Для них кандальный звон стал звоном воли,
Ошейник — ожерельем светлой доли.
Их горе сделалось горой добра,
Пушинкой легкою — скорбей гора.
И впрямь: когда прибудет муж безгрешный,
То станет раем даже ад кромешный,
Когда блеснет его чудесный лик,
То превратится даже печь в цветник.
А Зулейха, когда свершилось дело,
Начальнику тюрьмы сказать велела
«Ты впредь не будь с несчастным слишком строг
Сними ошейник с шеи, цепи — с ног.
Одень его, как юного супруга, —
Прекрасный стан пусть не дерет дерюга!
Венцом богатым узника укрась,
Смой с головы его несчастий грязь.
Ты отведи ему покой особый,
Держи его вдали от вашей злобы.
Светильник ты внеси в его покой,
Пролей на стены мускус дорогой,
Покрой парчою пол, как у вельможи,
Из бархата и шелка сделай ложе».
Но в том покое узник распростер
Пред господом смирения ковер.
Юсуф мирскую позабыл тревогу
И, как всегда, молиться начал богу
Когда мужчина видит божий дар
В том, что избавился от женских чар,
То никакой беды он не страшится-
Над ним простерта господа десница.
А если и страшит его беда,
Он ждет, как счастья, божьего суда!
ЗУЛЕЙХА РАСКАИВАЕТСЯ В ТОМ. ЧТО ОТПРАВИЛА ЮСУФА В ТЕМНИЦУ
Как в нашем древнем голубом чертоге
Несведущ человек, умом убогий!
Увы, не видит блага своего
Неблагодарнейшее существо!
Не ценит благ, пока их не утратит,
И дорого потом за это платит!
Любовью пламенной пресытясь вдруг,
Легко с подругой расстается друг,
Но терпит он неслыханные муки
И тает как свеча в огне разлуки.
Когда Юсуф, как луч, в тюрьму проник,
То в ней расцвел для узников цветник.
Для Зулейхи ее дворец был садом,
Пока Юсуф с ней находился рядом,
А без него, без пальмы молодой,
Ее дворец стал для нее тюрьмой.
И в той тюрьме из-за разлуки вскоре
Стократ сильней влюбленной стало горе.
Печален для влюбленных тот приют,
Где призраки былой любви живут
Без розы разве есть в саду отрада?
Одни колючки на дорожках сада!
К чему колючки?
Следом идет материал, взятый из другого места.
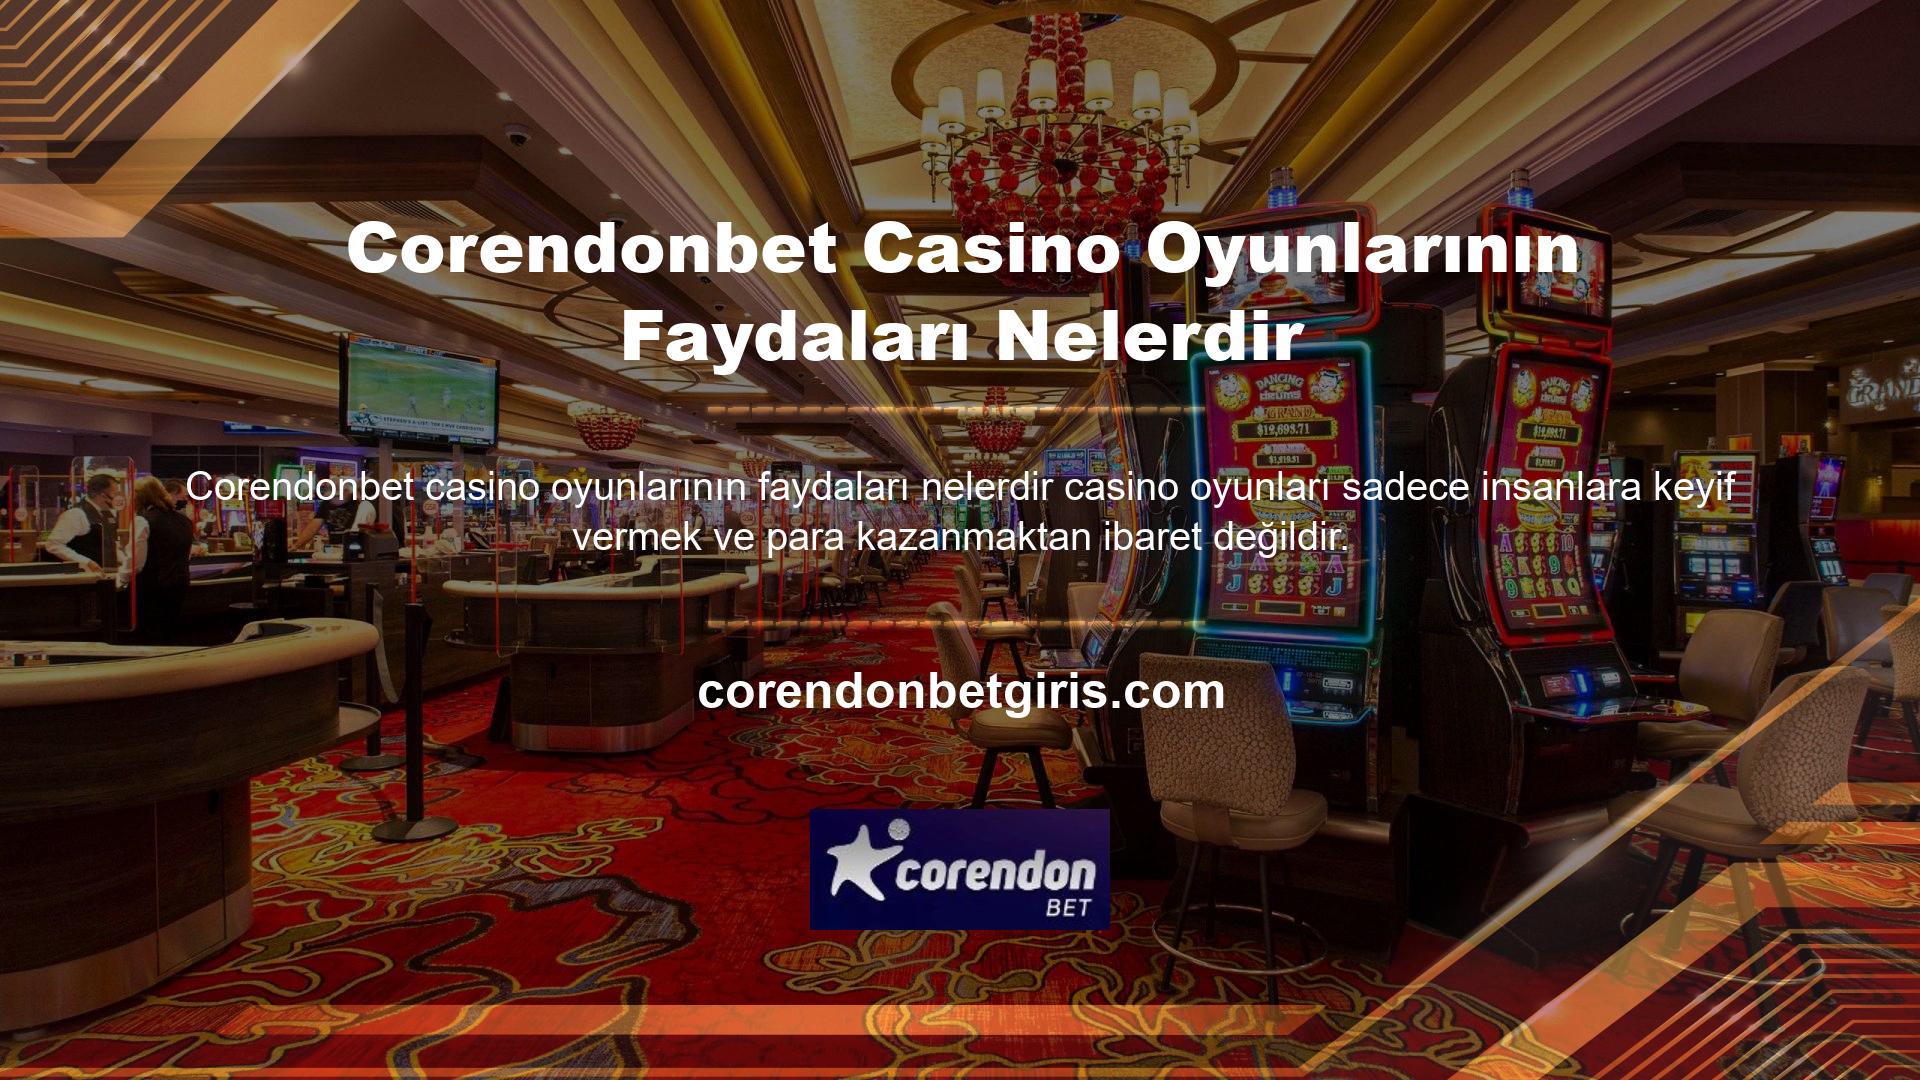 Aynı zamanda Corendonbet Casino'da canlı oyunların keyfini çıkarmak için de harika bir yerdir

Чтоб еще больней
Тоска тебя пронзила, соловей!
Увидев сад без розы, словно завязь
Она зажглась, от горя окровавясь.
Тоске души влюбленной не дивись:
Как перышко, душа взлетает ввысь!
Влюбленная, чтоб легче стало сердцу,
Пред гостьей-счастьем открывает дверцу.
Царапая свой лик, его звала,
Пылая, волосы свои рвала,
А лик и кудри — не душа ль влюбленной,
Разлукой и тоской испепеленной?
В литавры битвы стала бить она:
Разлуке, мол, объявлена война,
Но, войско красоты возглавив смело,
Всё ж в битве пораженье потерпела...
Не высыхали слезы на глазах,
А голову ее осыпал прах.
Из слез и праха вышло столько глины
Для сердца, превращенного в руины!
Но сердце, что разрушила любовь,
Не восстановишь этой глиной вновь.
В рубины губ она вонзала зубы,
Терзала сердоликовые губы, —
Иль кровь из сердца просочилась вдруг,
И охватил страдалицу испуг?
Где были розы — лилии отныне:
Так щеки от ударов стали сини.
Известно всем: цвет счастья — красный цвет,
А кто скорбит, тот в синее одет.
Смотри: черты ее лица — скрижали,
Там письмена кровавые пылали!
Твердила: «Кто, как я, тоской объят?
Кому, как мне, достался жгучий яд?
Сама себе я выколола очи,
Сама себя столкнула в пропасть ночи,
Сама низвергла на себя топор, —
Кто из людей мне равен с этих пор?
Сама несчастья подняла я ношу,
Умру, а наземь груза я не сброшу!
Увы, душа моя была в огне,
Когда красавца привели ко мне,
Перехитрить судьбу мне надлежало,
Но за полу его не удержала!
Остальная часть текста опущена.